One of my co-employees at the last hotel I worked for was a bigger-than-usual Frenchman named Jacques, of course, who had served in the French Foreign Legion, with assignments in Africa, specifically Algeria.

I liked Jacques because of the things he knew and learned from his previous assignments. And he was Catholic, too.

Sadly, he had despaired of his old homeland and has been here in US as a long-time immigrant. So the things that are wrong in France today were exactly the same plaints he had articulated.

So I can say that I have met and known a genuine French legionnaire.

PhilippinesPhil said...

I always thought the whole idea of serving in the French Foreign Legion is that you be a foreigner. If French, why not just join the French army? Hmmmm.

Amadeo said...

Since he was ethnically French and he did say he served, then he must have been a commissioned officer in the Legion.

Never bothered to inquire further.

PhilippinesPhil said...

Ok, that's probably true.

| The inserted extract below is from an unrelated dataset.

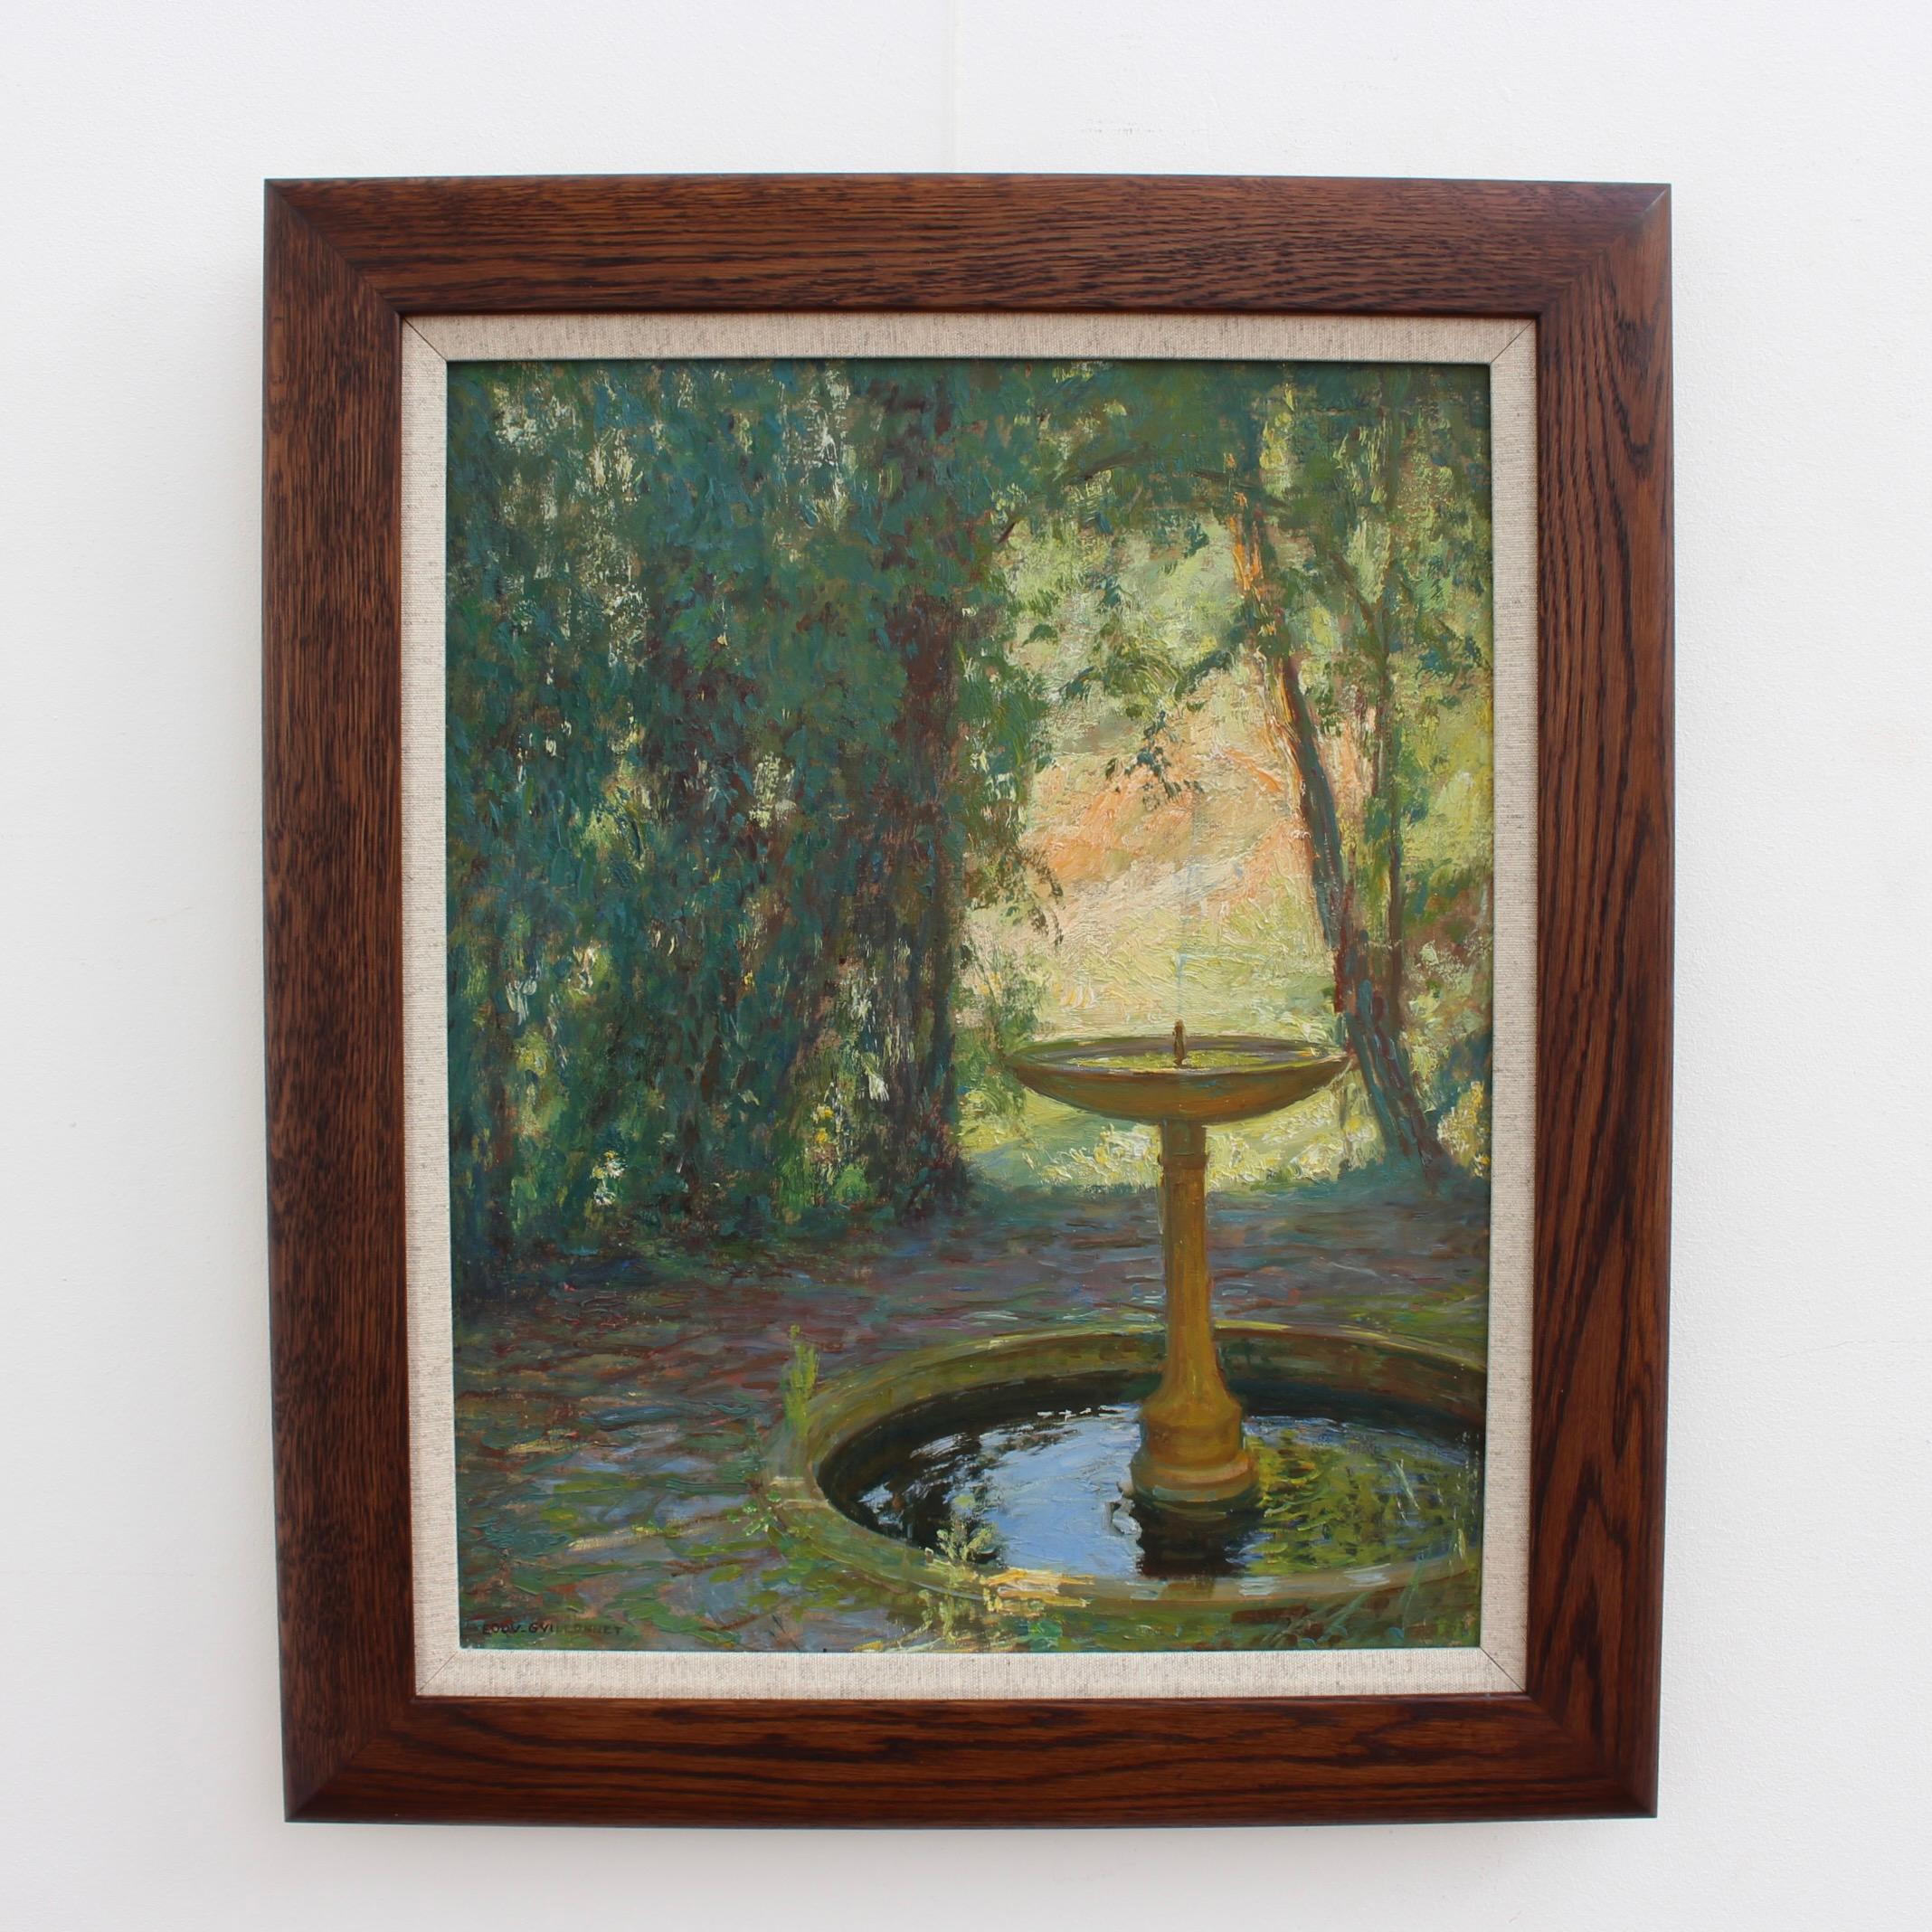 Fountain in a Park - Painting by Octave-Denis-Victor Guillonnet

Oh, and one of the mottos of the FFL is: "...a proud history of defeat!" Sounds very French doesn't it? grin...

Amadeo said...

Phil, I see that it is almost noon time over there.

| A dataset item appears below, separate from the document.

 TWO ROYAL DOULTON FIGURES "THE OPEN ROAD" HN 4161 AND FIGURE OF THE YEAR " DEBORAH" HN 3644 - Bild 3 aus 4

Here it is about 5pm. Have been house-bound since it has been showering since very early this morning. Thus, have been in front of the PC for a while.

Jacques, the Frenchman, once told me that during long weekends other expats of his gather in a place in one of the wine county places here in Northern CA, and spend the time reminiscing about old times in the old motherland. And of course, sipping fine CA wine.

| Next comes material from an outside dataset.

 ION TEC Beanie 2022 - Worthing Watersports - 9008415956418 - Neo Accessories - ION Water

Since we both worked graveyard then, we used to spend much time conversing. And he was one reasonable and logical Frenchman that one could find. According to him when he did visit France on occasion, even his close relatives found him strange and alienating in his thinking and ways.

I wonder what he thinks now, with Sarkozy at the helm.

PhilippinesPhil said...

Sarkozy, the last great hope of France. In one fell swoop, suddenly, I like the French again. Well, anyway, in a probationary way. After all, its difficult to truly like a people that overwhelmingly hates the USA.

Amadeo said...

In another front, US politics is now front and center here. Go to media, print, broadcast, TV/Cable, and its all politics. The primaries are drawing near.

Thus, have stayed away from TV or radio for now.

Where you are, I have been inundated by news about the last stand-off at the Manila Pen, with both military and media involved in the scuffle.

How's the weather been? I plan to get there in Jan.'08.

PhilippinesPhil said...

"The last stand...?" What's that? No idea what you are talking about. Honestly, I follow the local news very little. I did watch a little of the last coup attempt. That was laughable as always. Something like that takes absolute secrecy among a select few individuals and that is impossible here. Its been the source of mirth for some of us who kind of understand the mindset here.

The rainy season is about winding down. By the time you get here it should be well into the dry season.

Amadeo said...

The last stand-off is the biggest item of discussion in the local blogosphere, involving a renegade and beleaguered neophyte Senator, who with his cohorts took over of all places the posh Manila Pen to mount a coup' of some kind.

The hotel entrance was rammed by a military personnel carrier, and the malcontents arrested, including the cute media personalities who decided to stay when asked to leave by the military.

Of course you know by now what kind of politics inhabit the islands. The wife is content watching the two Filipino channels here playing local telenovelas and game shows like WoWoWee. HeHeHe.

PhilippinesPhil said...

My apologies to your wife, but I can not long watch the local TV fare. Thank you Lord for cable! Jesus and cable TV, my salvation! ...grin...

I call that one show Kawawa-wowee, after what happened to all those people trampled to death trying to get into a show a couple years back. Remember that?